Another residential conversion planned in Albany, this time in Hudson/Park

Long Energy site Albany stables building 2016-May

The complex currently houses the Long Energy company. Its previous lives included use as stables.

There's been a string of residential conversion projects -- both completed and planned -- in Albany over the last few years, mainly concentrated downtown and in the Warehouse District. But the latest project of this type is planned for the Hudson/Park neighborhood.

Here are a few details.


The project is planned for the Long Energy site on Myrtle Ave near the intersection with Swan Street. The site includes three buildings along Myrtle, which total almost 60,000 square feet.

Here's the real estate listing for the site.
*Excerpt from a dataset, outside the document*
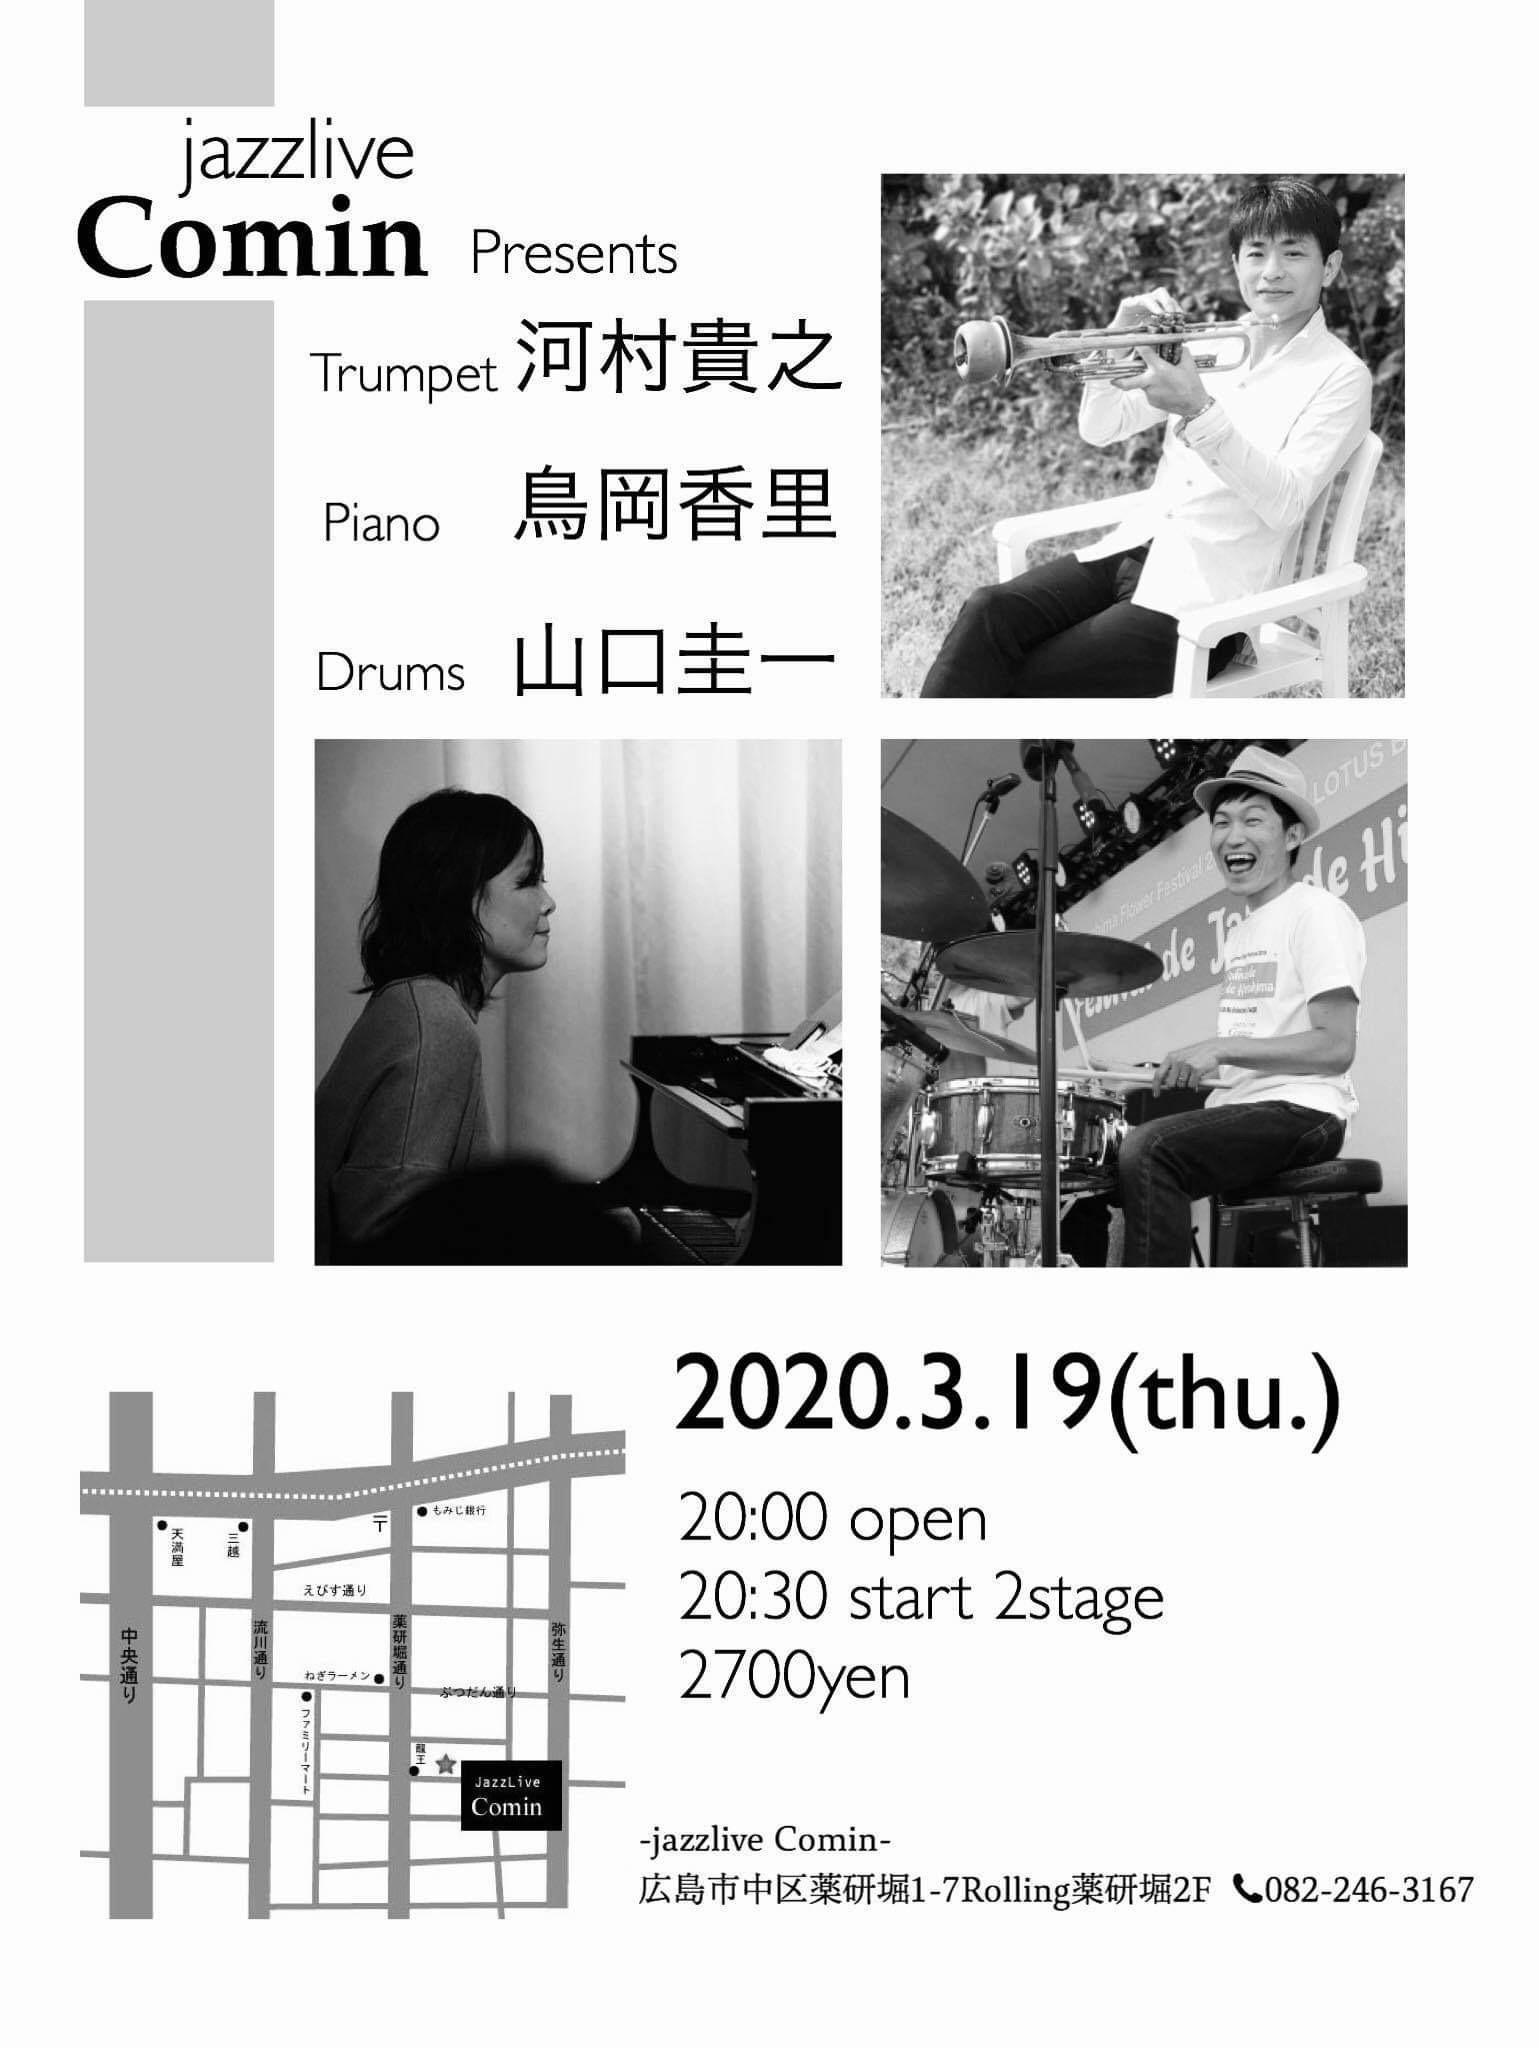 広島 Jazzlive Cominジャズライブカミン   本日3月19日木曜日のライブ_b0115606_11545960.jpeg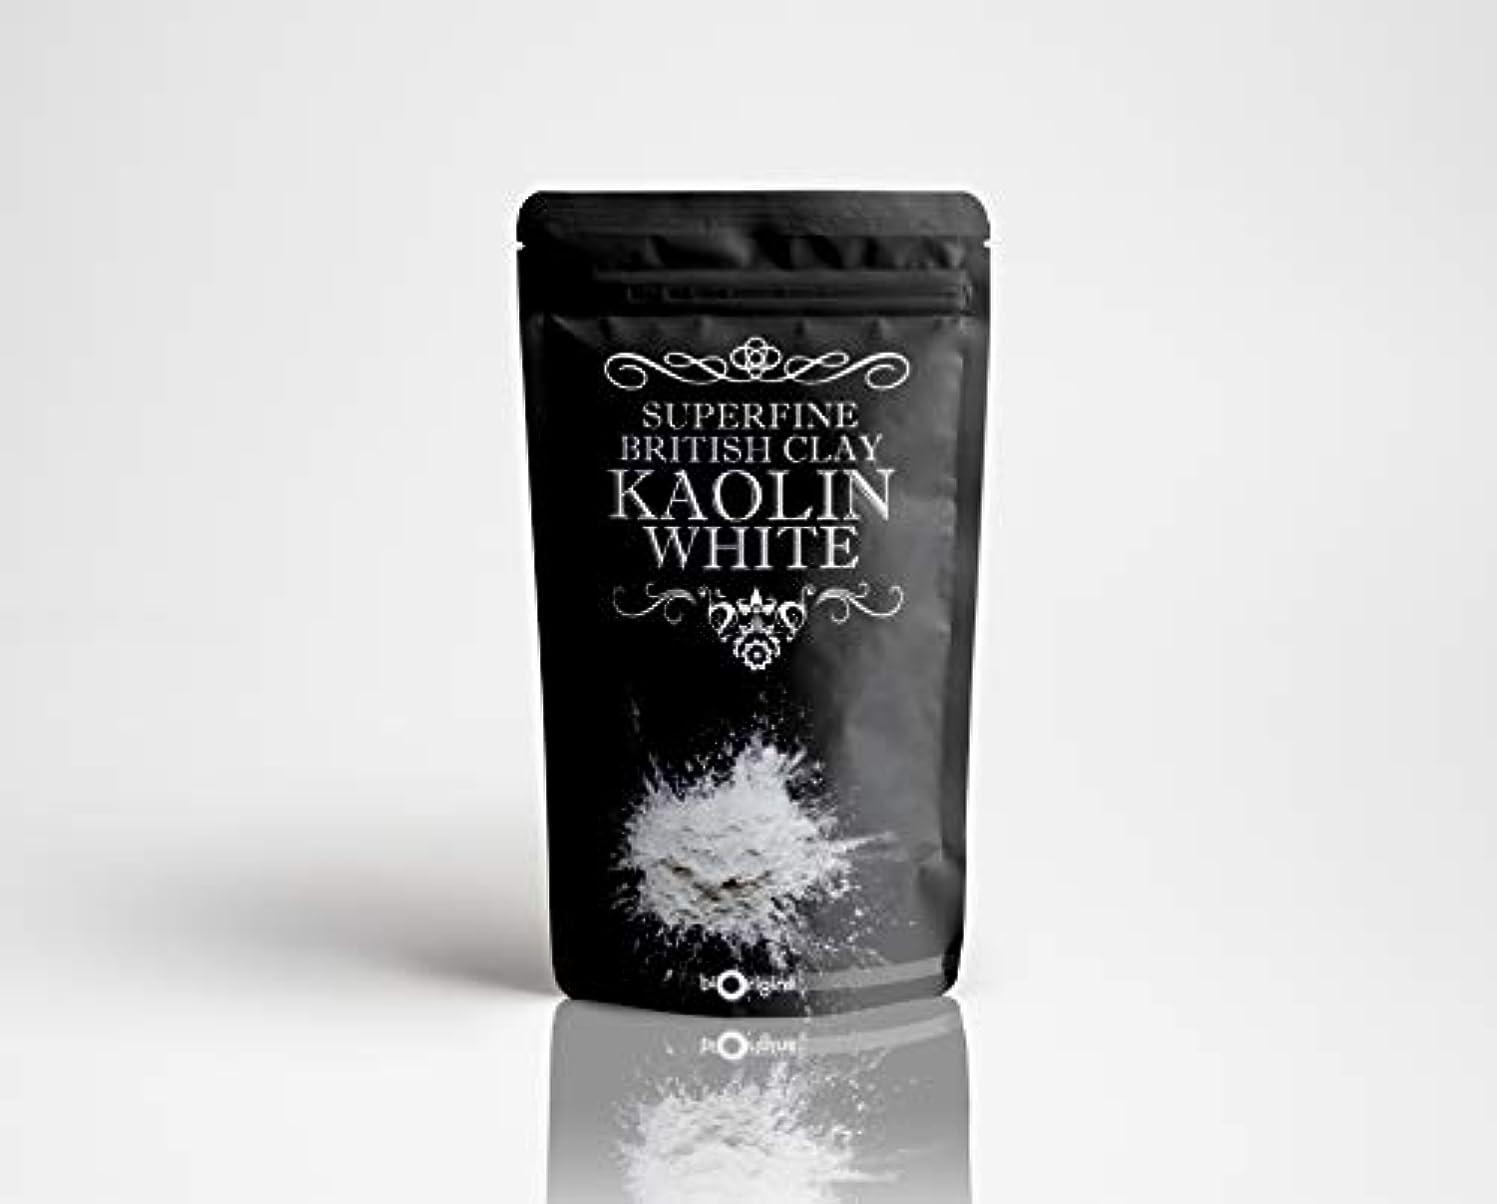 招待バレエスラムKaolin White Superfine British Clay - 100g

Long Energy site Albany stable building rear 2016-May
Another view of 170 Myrtle, which was originally built in 1891 as a brewery and stables building, according to its real estate listing. (If you look in the background on the right you can see the back of the old Hinckel Brewery building on Park Ave, which has been apartments for many years.)

The project backers are Daniel Odabashian and Eric Moses, who own and manage about 300 rental units under the name A Team Property Management. Odabashian told us this week they have a contract to buy the property from Long and hope to close by the end of this year. He said they're estimating the project will have a total cost of $12 million.

Odabashian said they were drawn to the project because their units in the area have a 99 percent occupancy rate and the buildings offered the chance of adding a large chunk of apartments, a rare opportunity.

"There's so much demand in the neighborhood," he said.

The name of the project is "At Hudson Park."

What's involved

Long Energy site Albany corner 2016-May
The building at the corner of Myrtle and Swan.

The plan is to convert the three buildings on the site into approximately 78 apartments. The units would be mainly studios and one-bedroom units. There will also be 55-60 parking spaces.

Two of the three buildings are currently garage spaces, and the third is an old stable building that Odabashian said Long uses in part for its offices.

"It's going to be a little tricky," he said of the conversion, "but it's pretty raw space now ... it's nothing our architects can't handle."

Odabashian said they'll be working with 3t Architects on the project.

What still needs to happen?

Long Energy site Albany corner looking south 2016-May
Looking south on Swan -- that's Lincoln Park in the background.

There are still a bunch of steps between now and construction.

Odabashian said they've been working on the project for the past two years. Given the site's history as a heating oil company, much of that time has been spent doing investigation of potential contamination issues at the site -- what he called a "very comprehensive and expensive" environmental study. But Odabashian said they ended up being pleasantly surprised by what they found -- such was the lack of contamination that the project won't qualify for the state's brownfields program.

"We wanted to be 110 percent sure it was going to be a clean site," he said.

The next step will be getting the property rezoned. Because of a quirk of Albany's outdated zoning, even though the site currently hosts a heating oil company, it's actually zoned for one and two-family row houses. (Yet another example of why officials are looking forward to revisions from the Rezone Albany project.) There's a public hearing scheduled at Monday's (June 6) Common Council meeting about changing the zoning to a multi-family medium-density residential district.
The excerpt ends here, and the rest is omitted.